State Highway 191 (SH 191) is a Texas state highway running from the north side of Odessa east to the western edge of Midland. The highway is usually used as a reliever route for local traffic between the two cities, as opposed to I-20 a few miles to the south.

==Route description==
SH 191 begins at an intersection with Spur 450 in western Odessa, just short of SH 302 and Loop 338. The highway runs east along 42nd Street, soon crossing U.S. Highway 385 (US 385).

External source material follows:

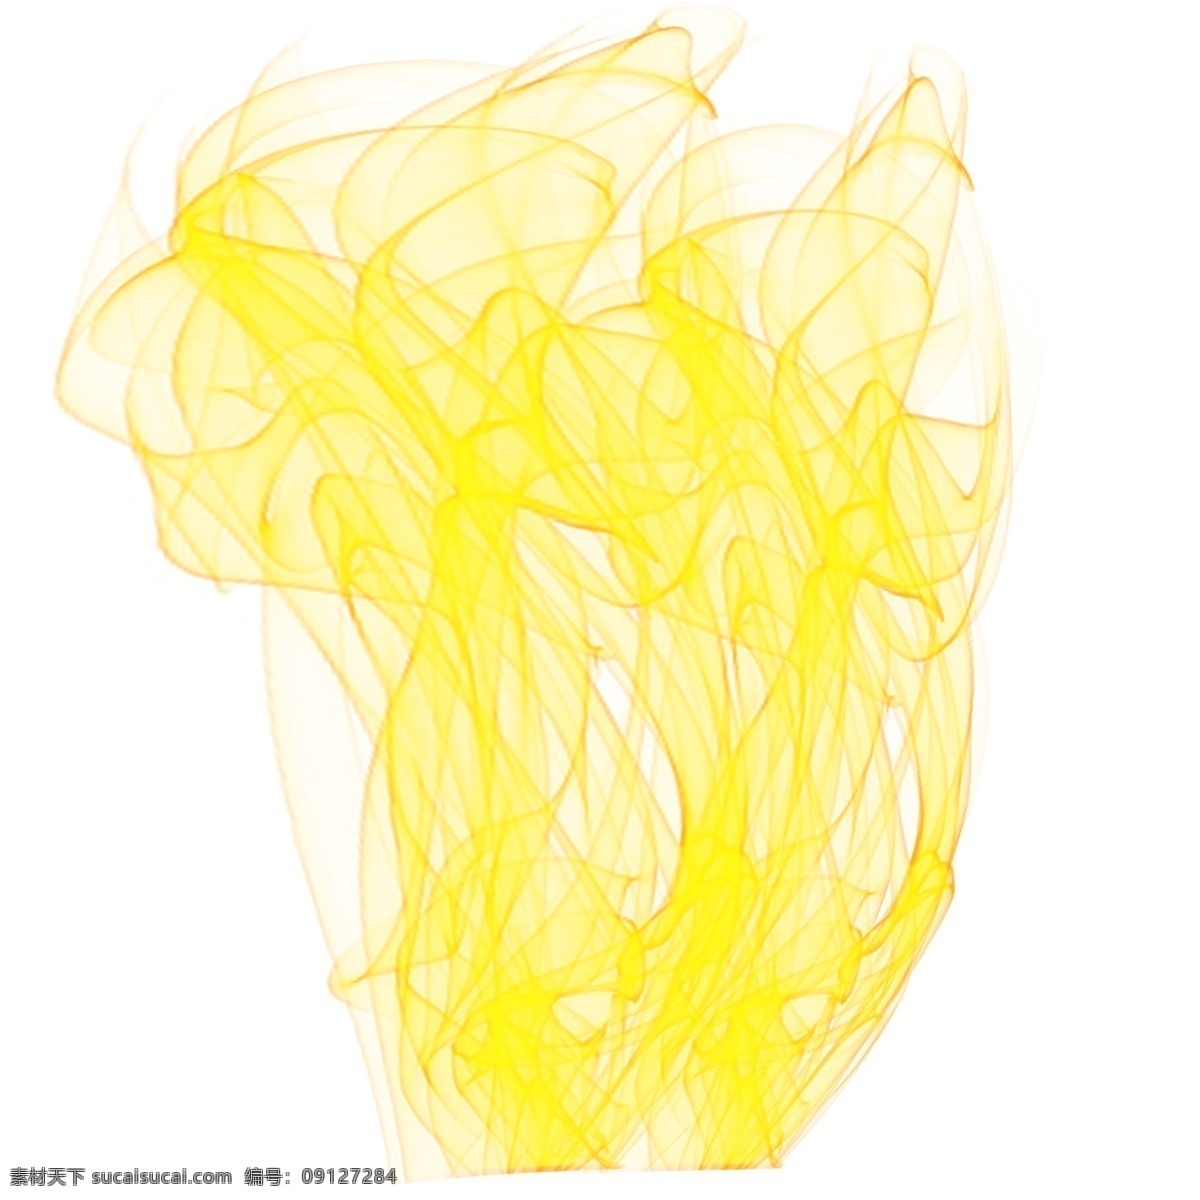 黄色 燃烧 火苗 元素 火焰 火 炫酷 烈焰 烈火 火焰矢量 跳动的火焰 艺术火焰 黄色火焰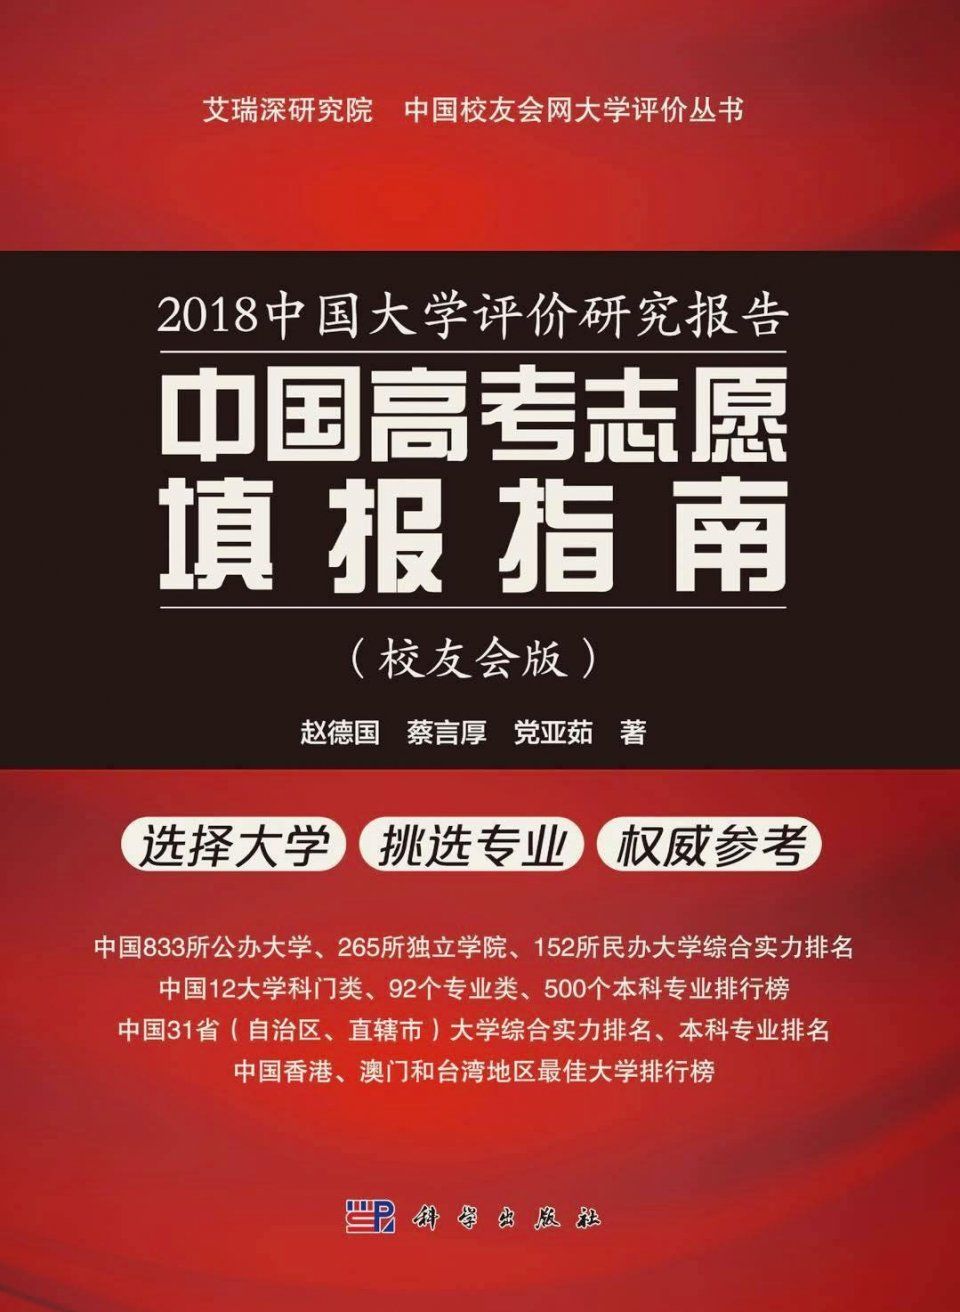 校友会2018中国大学管理科学与工程类专业排名

In the eastern part of the city, SH 191 crosses by Music City Mall and the University of Texas at the Permian Basin and picks up freeway status at the eastern leg of Loop 338. The highway passes through mostly rural land, with some subdivisions nearby. The highway exits the Odessa city limits and enters into Midland County. SH 191 crosses SH 349 just north of Midland International Airport and enters into Midland. A few miles to the northeast of here, SH 158 joins the highway, with the two running together until Loop 250, where SH 191 ends, but the mainlanes continues east into the city as a business route of SH 158.

==History==
SH 191 was originally designated on November 28, 1932, on a route from Albany south to Coleman. On July 15, 1935, SH 191 was cancelled. On February 21, 1937, the section south of SH 36 was restored, and the remainder was restored on May 18, 1937. On September 26, 1939, this route had been transferred to US 183. The current SH 191 was designated on August 31, 1977, from SH 158 southwest to Loop 338 & Spur 492.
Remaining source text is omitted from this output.